Sous un crachin tenace à Saint-Denis, le Tournoi des Six Nations 2026 a démarré sur les chapeaux de roue pour le XV de France. Les Bleus ont dominé l’Irlande 36 à 14, affichant une vitesse et une audace qui ont laissé leurs adversaires sur le bord du terrain.
L’arrière toulousain Thomas Ramos a été l’artisan majeur de cette victoire éclatante. Sa performance a culminé sur une action spectaculaire en début de seconde période : une passe extérieure du pied gauche, parfaitement calée, qui a permis à Louis Bielle-Biarrey d’inscrire son doublé et de sceller le quatrième essai français.
Pourtant, loin de s’envoler dans des envolées lyriques, Ramos a tempéré l’admiration suscité par ce geste : « C’est de la chance, je ne vais pas expliquer que j’ai fait exprès ». Il a expliqué la genèse de ce coup réussi, soulignant l’importance de l’anticipation mais aussi du hasard : « C’est un peu de chance. Dans tous les cas, je me dis qu’il faut que je touche le ballon parce que le rebond me piège un petit peu. Dans ma tête, je me dis que Louis sera là et j’ai la chance de la prendre extérieur du pied et de lui mettre dans la course. C’est toujours appréciable d’anticiper et de savoir que Louis, en l‘occurrence, aime ce genre de coups. Savoir qu’il était là, c’était appréciable. »
Au-delà de cette action, Thomas Ramos a marqué l’histoire en devenant le premier joueur sous le maillot tricolore à franchir la barre des 500 points, grâce à ses 11 points au pied ce soir-là. Mais fidèle à son humilité, il a d’abord salué la prestation collective : « Si on nous avait dit qu’on prendrait le bonus avec une première mi-temps maitrisée comme on l’a fait et un score à plus de 30 points, on aurait signé ».
Il a aussi mis en lumière les progrès nets de l’équipe : « On est très content du résultat, de certaines choses mises en place durant le match. Tout n’est pas parfait mais c’est positif. On a montré un autre visage que lors de la tournée de novembre. On est dans le bon wagon si on continue dans ce sens-là. »
Ce succès offre un véritable souffle de renouveau au rugby français, longtemps critiqué pour son manque de fluidité. La capacité des Bleus à enchaîner les passes et à marquer de superbes essais a transformé ce match en fête, sur le terrain comme dans les tribunes.

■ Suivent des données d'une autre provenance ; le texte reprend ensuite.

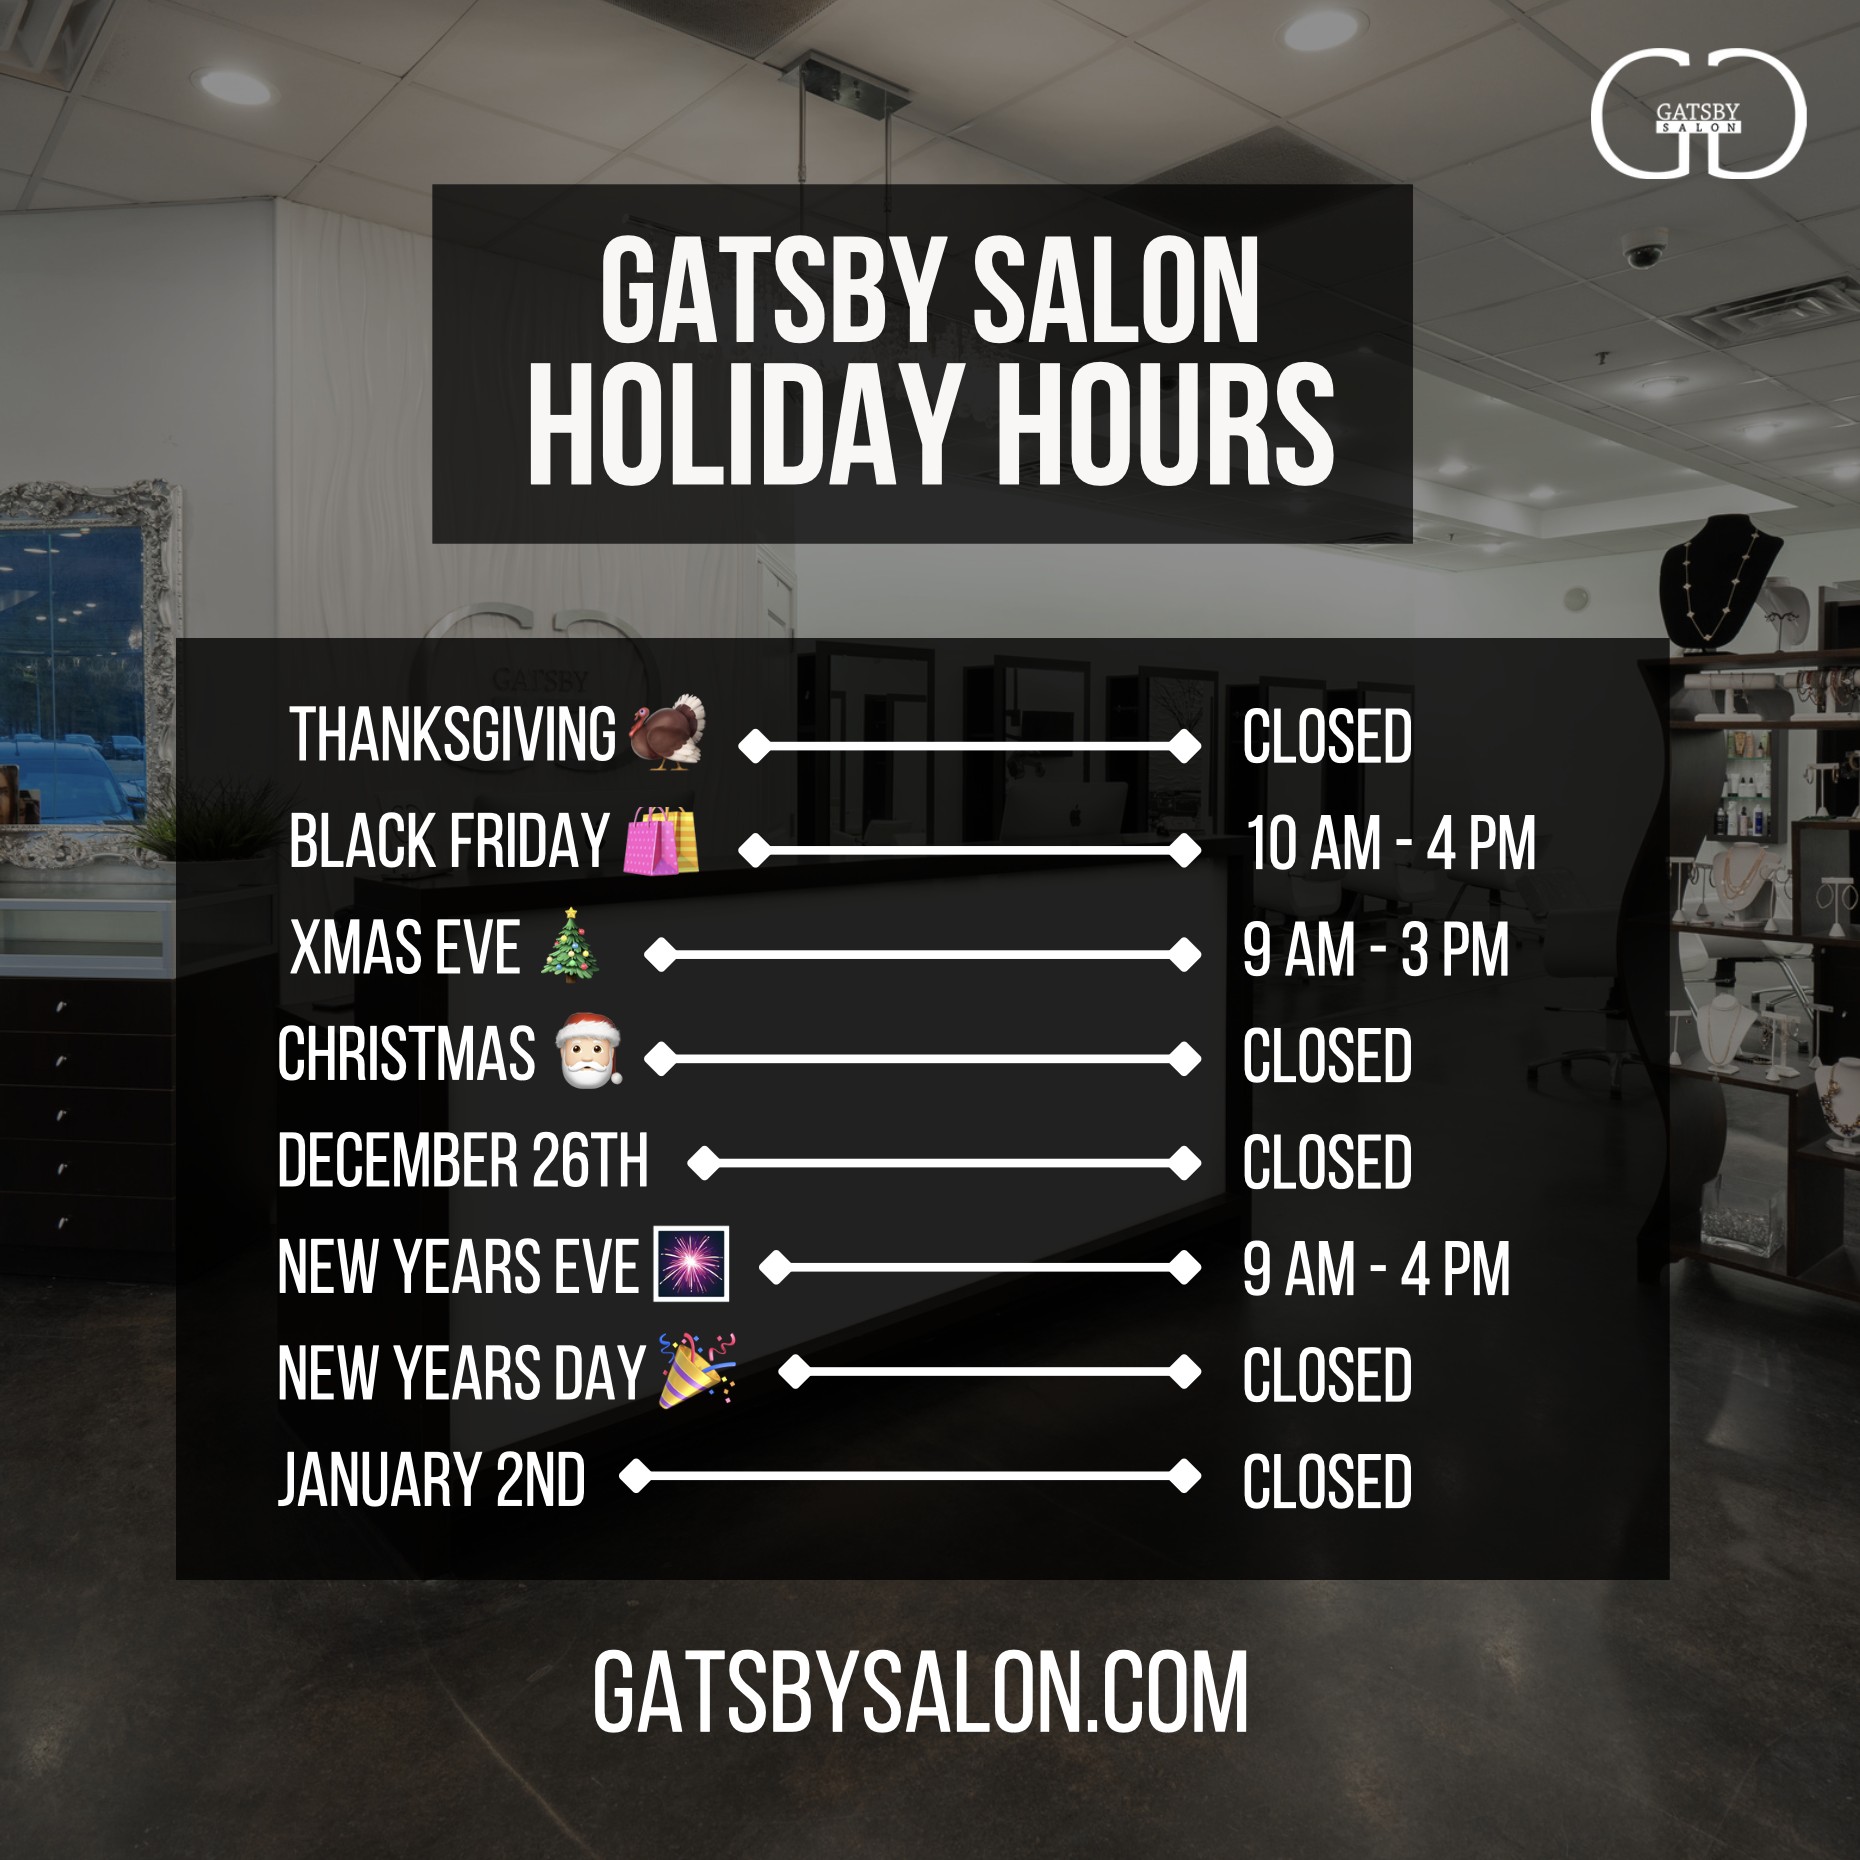 Gatsby Salon 215 US-22, Green Brook New Jersey 08812

« Quand tu mets 36 points aux Irlandais, que tu marques des essais notamment derrière, que tu te fais des passes, forcément tu prends du plaisir », a confié le Toulousain, radieux. Il a conclu sur la chance unique que représente le fait de porter ce maillot : « On a la chance de jouer un jeu et de rentrer sur le terrain avec l’opportunité de jouer au rugby. Après des matchs comme ça, évidemment qu’on a un peu la banane. »
Fort de cette victoire maîtrisée et d’un nouveau record historique, le XV de France prépare déjà son prochain rendez-vous à Cardiff, confiant et galvanisé.